This is probably an age thing (on my part) more than anything else, since my first exposure to Batman in comics was Post-Crisis. I didn't finally read anything Pre-Crisis with Jason Todd until about two years ago. I read the whole Nocturna storyline. I thought it was pretty good. Nocturna made for an interesting foil, in an unconventional way. And I like the Pre-Crisis versions of Jason Todd and Bullock.
I think I'm a bit older than you are (I'm about to turn 51(!)), so I was reading the Pre-Crisis Jason Todd stuff in real time. And yeah, it's pretty obvious that when Gerry Conway created Jason, he was basically meant to be Dick Grayson in everything but name. He came from a circus aerialist family like Dick, and they were even named the Flying Todds!

Jason basically came about because Gerry Conway wanted Dick Grayson/Robin back in the
Batman books but Marv Wolfman & George Pérez were having great success with Dick over in
The New Teen Titans, DC's top seller at the time. So ultimately DC editorial just decided to split the character in two. So Marv & George kept Dick Grayson, had him quit being Robin, and came up with a new identity for him, Nightwing. And Gerry created a new Robin for the Batman books to use. (Conway ended up leaving the Bat books just as Batman took Jason on as a new partner, though, so most of Jason's initial development fell to Doug Moench.)

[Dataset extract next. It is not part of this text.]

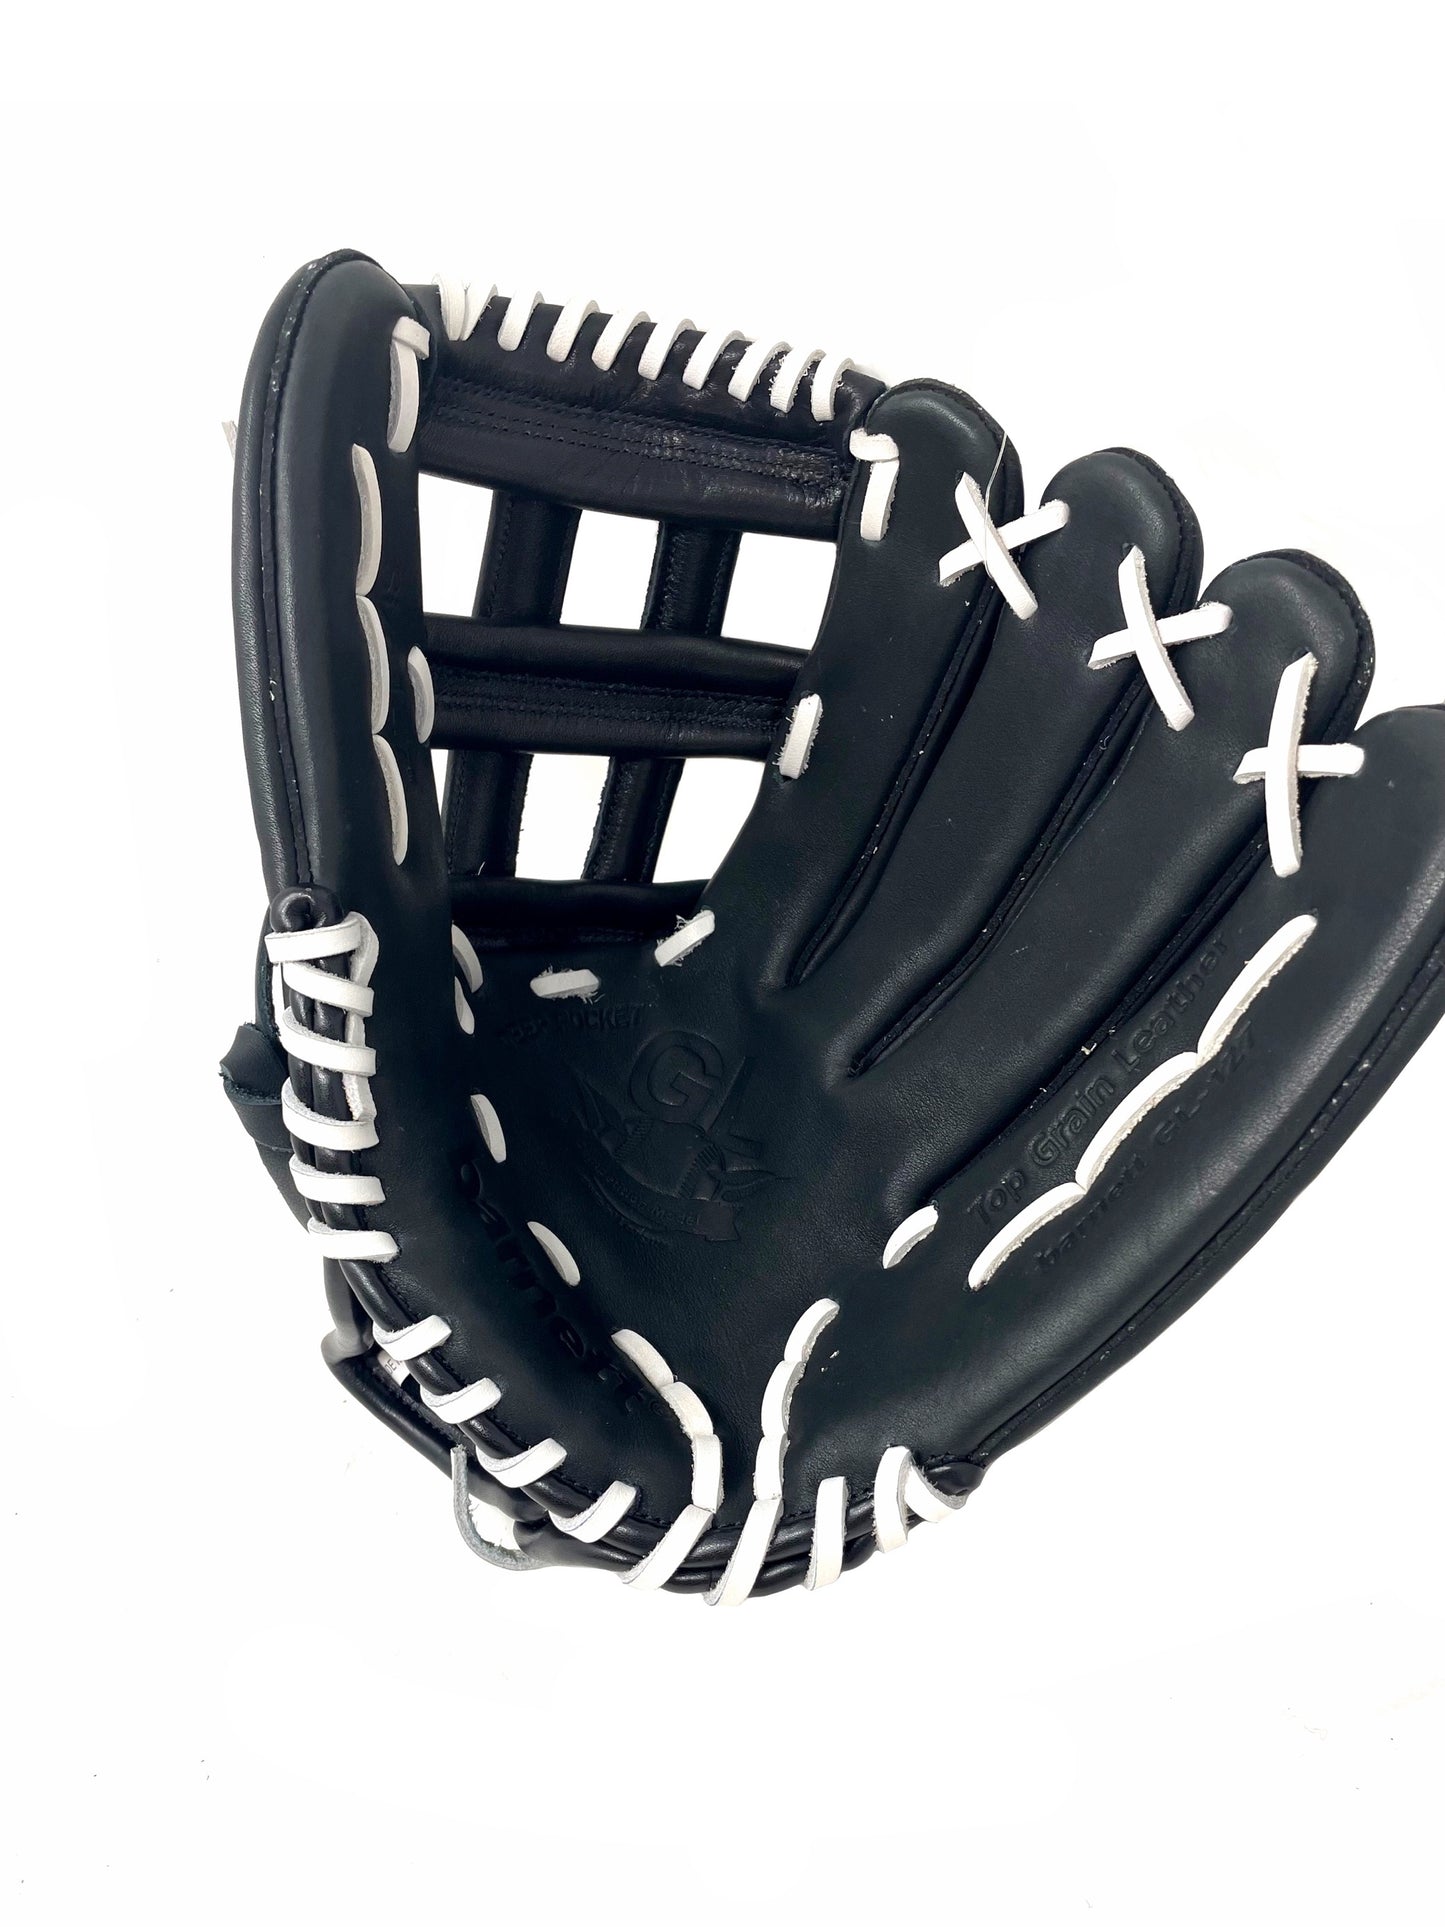 GL-127 Baseballová rukavice Competition, kůže 12.5, černá

Post-Crisis, they decided to give Jason a unique origin that wasn't just a duplicate of Dick Grayson's, so then Bat-writer Max Alan Collins decided to give him the same basic origin as Junior Tracy from the
Dick Tracy comic strip, a street kid adopted by the hero. And then, gradually, bit by bit, Jason became more jerky and the readers turned against him. (I feel like this was mostly because of Jim Starlin, who disliked Robin and wanted him out of the book so he could write solo Batman stories.) DC came up with
the 1-900 number stunt to finally deal with the problem the character had become, and they were very surprised when the readers actually voted to kill Jason off by a 72 vote margin (I called twice to let him live, personally). It got DC a WAVE of bad publicity too, as the general public in 1988 had no idea that Robin was no longer the fellow that Burt Ward played on TV in the 1960s. And so DC quickly began to create a new Robin that readers would like more, mostly for merchandising reasons. And they were much more successful with Tim Drake.
Nocturna was never one of my favorites, and she was basically dropped from the Bat books because longtime Batman editor Denny O'Neil disliked the character, too. (Doug Moench told me this directly when I interviewed him about 10 years back.) Bullock is awesome, though!
Anyway. Sorry for the Bat Digression, folks! I just find the Jason Todd Robin story fascinating.